SUPREME COURT OF CANADA
Citation: R. v. Mohamed, 2014 SCC 63, [2014] 3 S.C.R. 280
|
Date: 20141010 Docket: 35644 |
Between:
Samir Mohamed
Appellant
and
Her Majesty The Queen
Respondent
Coram: Abella, Rothstein, Cromwell, Moldaver and Karakatsanis JJ.
Reasons for Judgment: (paras. 1 to 4) |
Cromwell J. (Abella, Rothstein, Moldaver and Karakatsanis JJ. concurring)
|
r. v. mohamed, 2014 SCC 63, [2014] 3 S.C.R. 280
Samir Mohamed Appellant
v.
Her Majesty The Queen Respondent
Indexed as: R. v. Mohamed
2014 SCC 63
File No.: 35644.
2014: October 10.
Present: Abella, Rothstein, Cromwell, Moldaver and Karakatsanis JJ.
on appeal from the court of appeal for alberta
Criminal law ― Charter of rights ― Search and seizure ― Right to counsel ― Remedy ― Trial judge failing to consider whether s. 8 breached in addition to s. 10(b) ― Independent s. 8 breach would not have changed s. 24(2) analysis ― Canadian Charter of Rights and Freedoms, ss. 8, 10(b), 24(2).
Statutes and Regulations Cited
Canadian Charter of Rights and Freedoms, ss. 8, 10(b), 24(2).
APPEAL from a judgment of the Alberta Court of Appeal (Berger and McDonald JJ.A. and Hughes J. (ad hoc)), 2013 ABCA 406, 90 Alta. L.R. (5th) 354, 295 C.R.R. (2d) 233, 566 A.R. 58, 597 W.A.C. 58, [2014] 3 W.W.R. 250, [2013] A.J. No. 1261 (QL), 2013 CarswellAlta 2311, affirming the accused’s convictions for drugs and firearms offences. Appeal dismissed.
Shawn Beaver and Alexandra Seaman, for the appellant.
James C. Martin and Louise M. Proulx, for the respondent.
The judgment of the Court was delivered orally by
[1] Cromwell J. ― This appeal as of right comes to us on the dissent of Berger J.A. in the Alberta Court of Appeal. The question is whether the trial judge’s failure to identify a s. 8 breach in addition to the admitted breach of s. 10(b) justifies considering the trial judge’s s. 24(2) analysis afresh on appeal.
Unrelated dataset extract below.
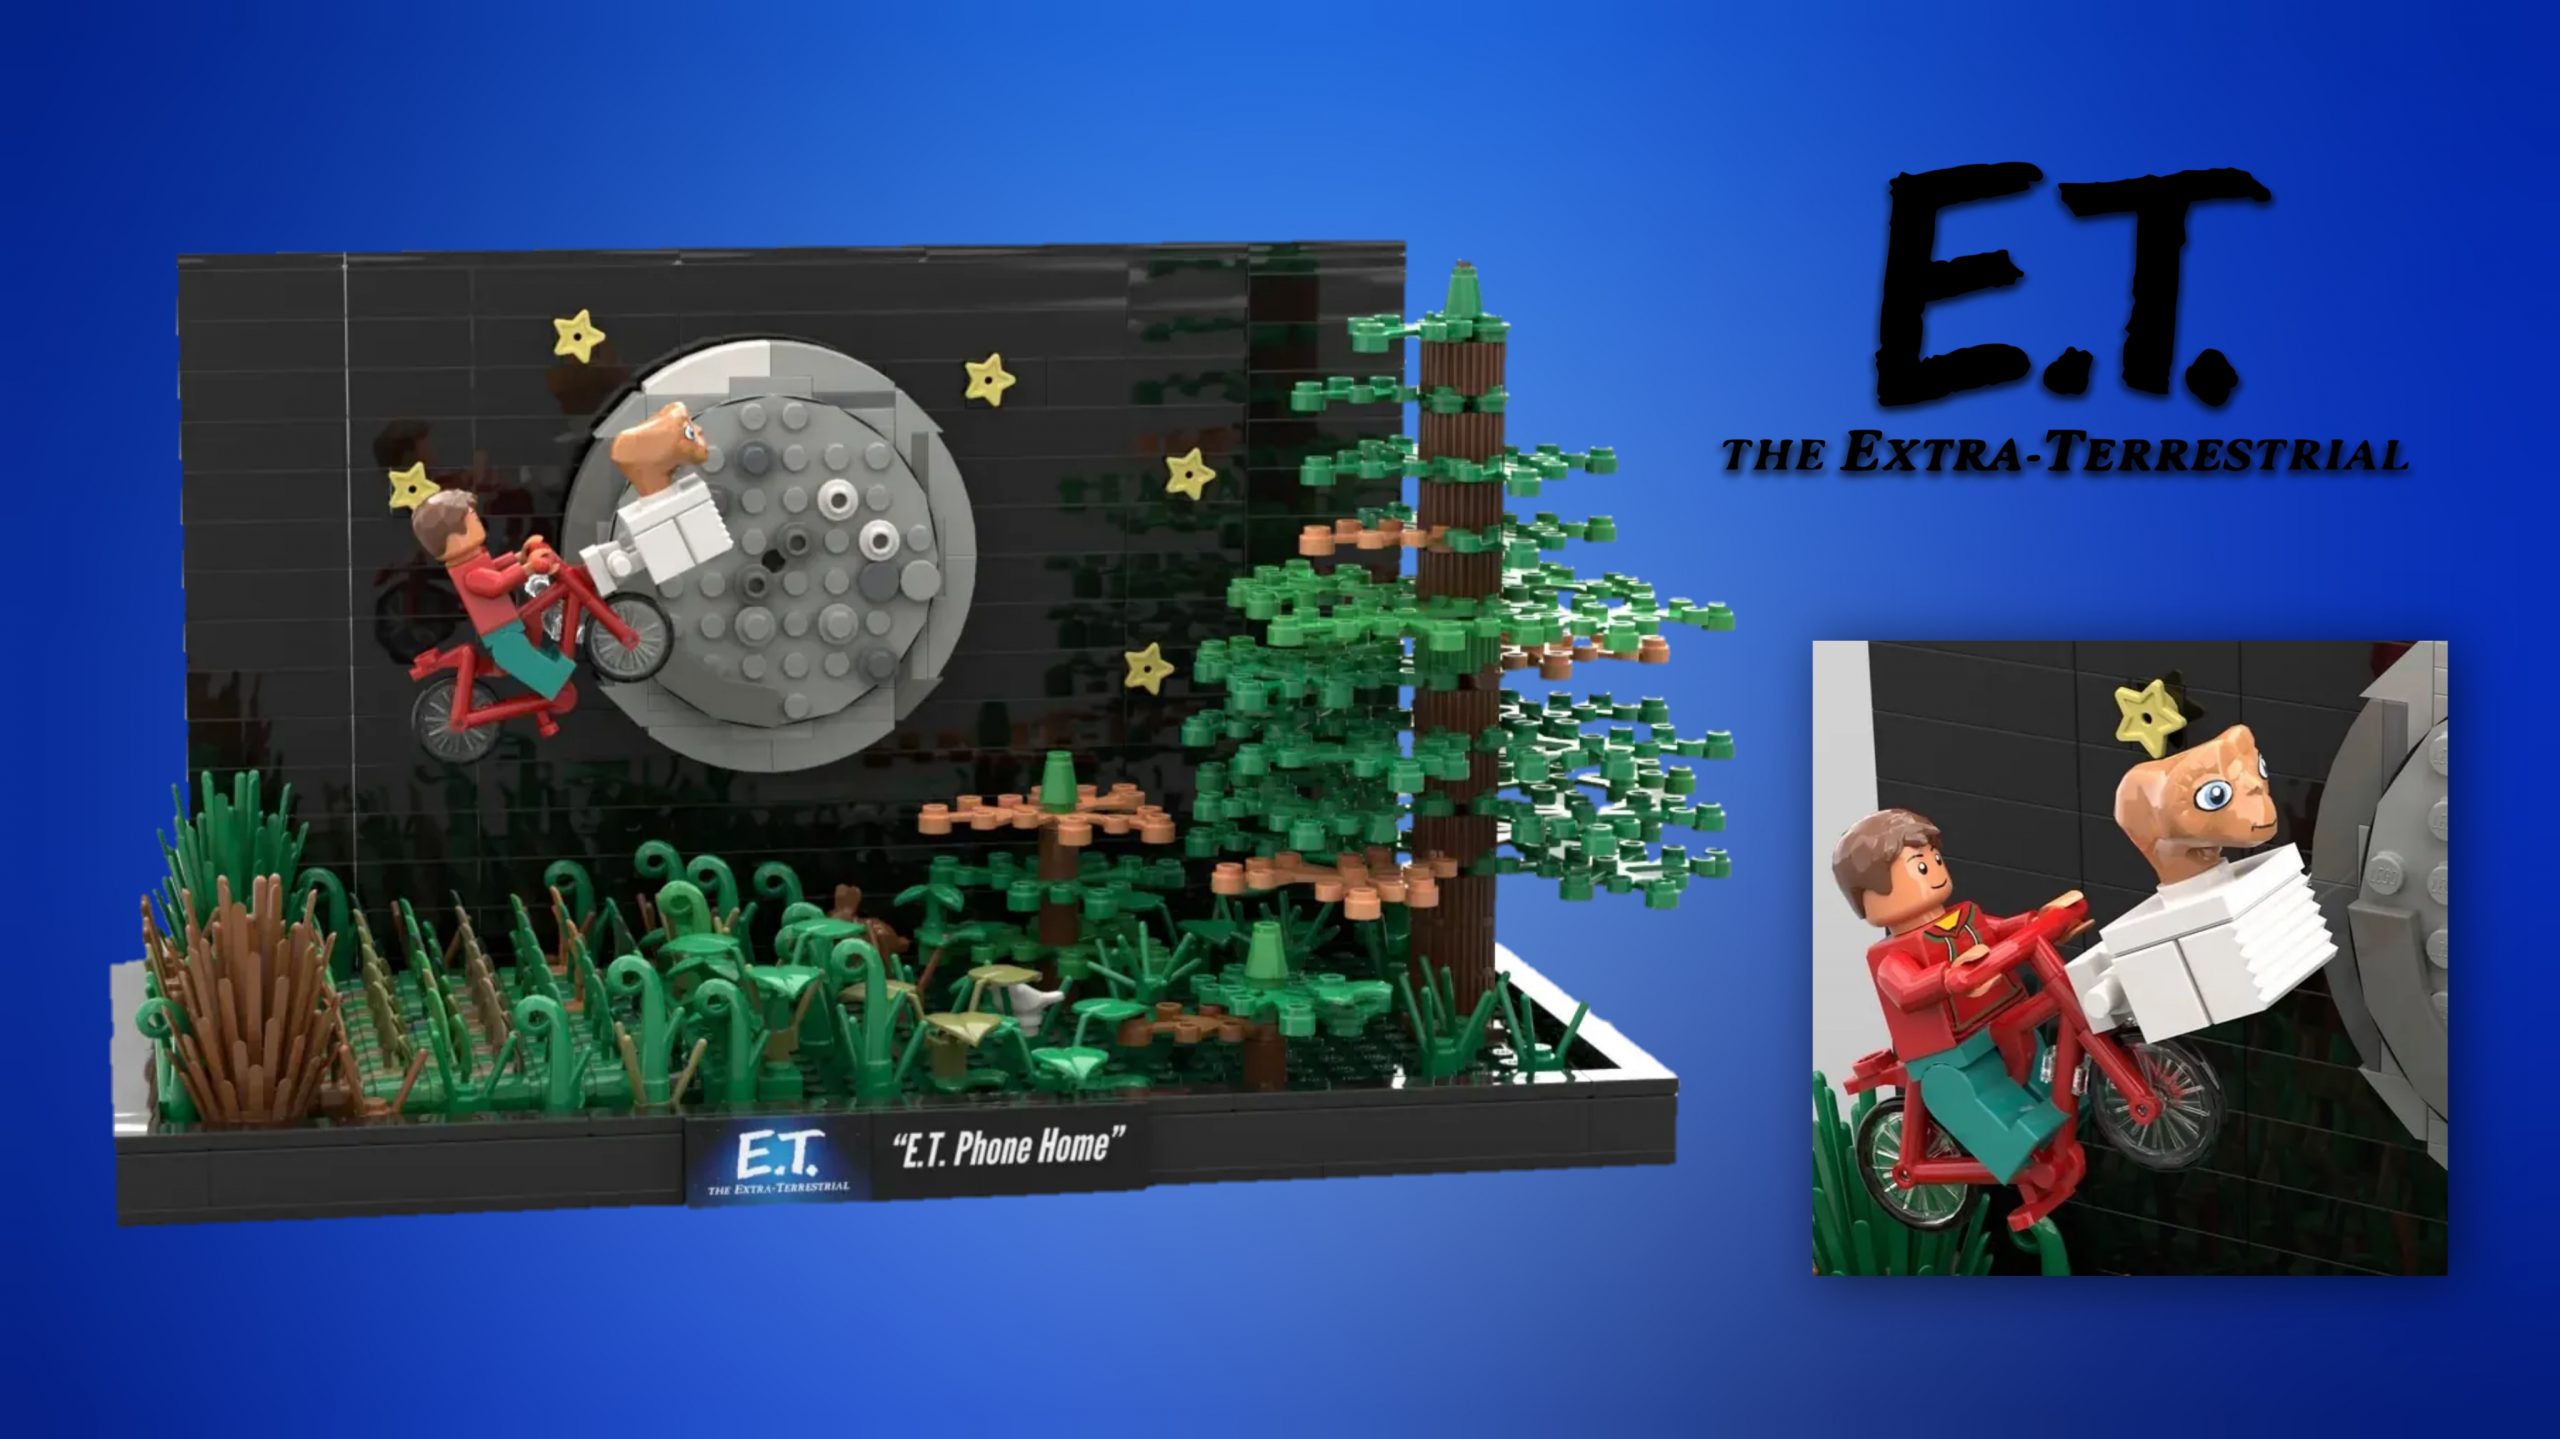 LEGO IDEAS - E.T. The Extra-Terrestrial

[2] In our view it does not. Assuming, without deciding, that there was a s. 8 breach on these facts, it is clear that the trial judge conducted her s. 24(2) analysis on the basis that the s. 10(b) breach resulted in the appellant producing the joint and lump of marihuana. As she put it, “While [the police officer] gave evidence that she would have arrested Mr. Mohamed if he had not got out of the car at her request, and I have found that she had grounds to do so, it is not a certainty that the exhibits of marihuana would have been discovered otherwise. The production of the joint and the lump of marihuana were clearly as a result of [the officer’s] prompting of Mr. Mohamed” (A.R., vol. I, p. 57 (emphasis added)). It is thus clear that the trial judge’s s. 24(2) analysis would not have been different had she found an independent s. 8 breach.
[3] In light of that conclusion, our view is that there is no basis to interfere on appeal with the trial judge’s weighing of the various factors under the s. 24(2) analysis.
[4] The appeal is dismissed.
Judgment accordingly.
Solicitors for the appellant: Beaver, Leebody, Frank & Simic, Edmonton.
Solicitor for the respondent: Public Prosecution Service of Canada, Calgary.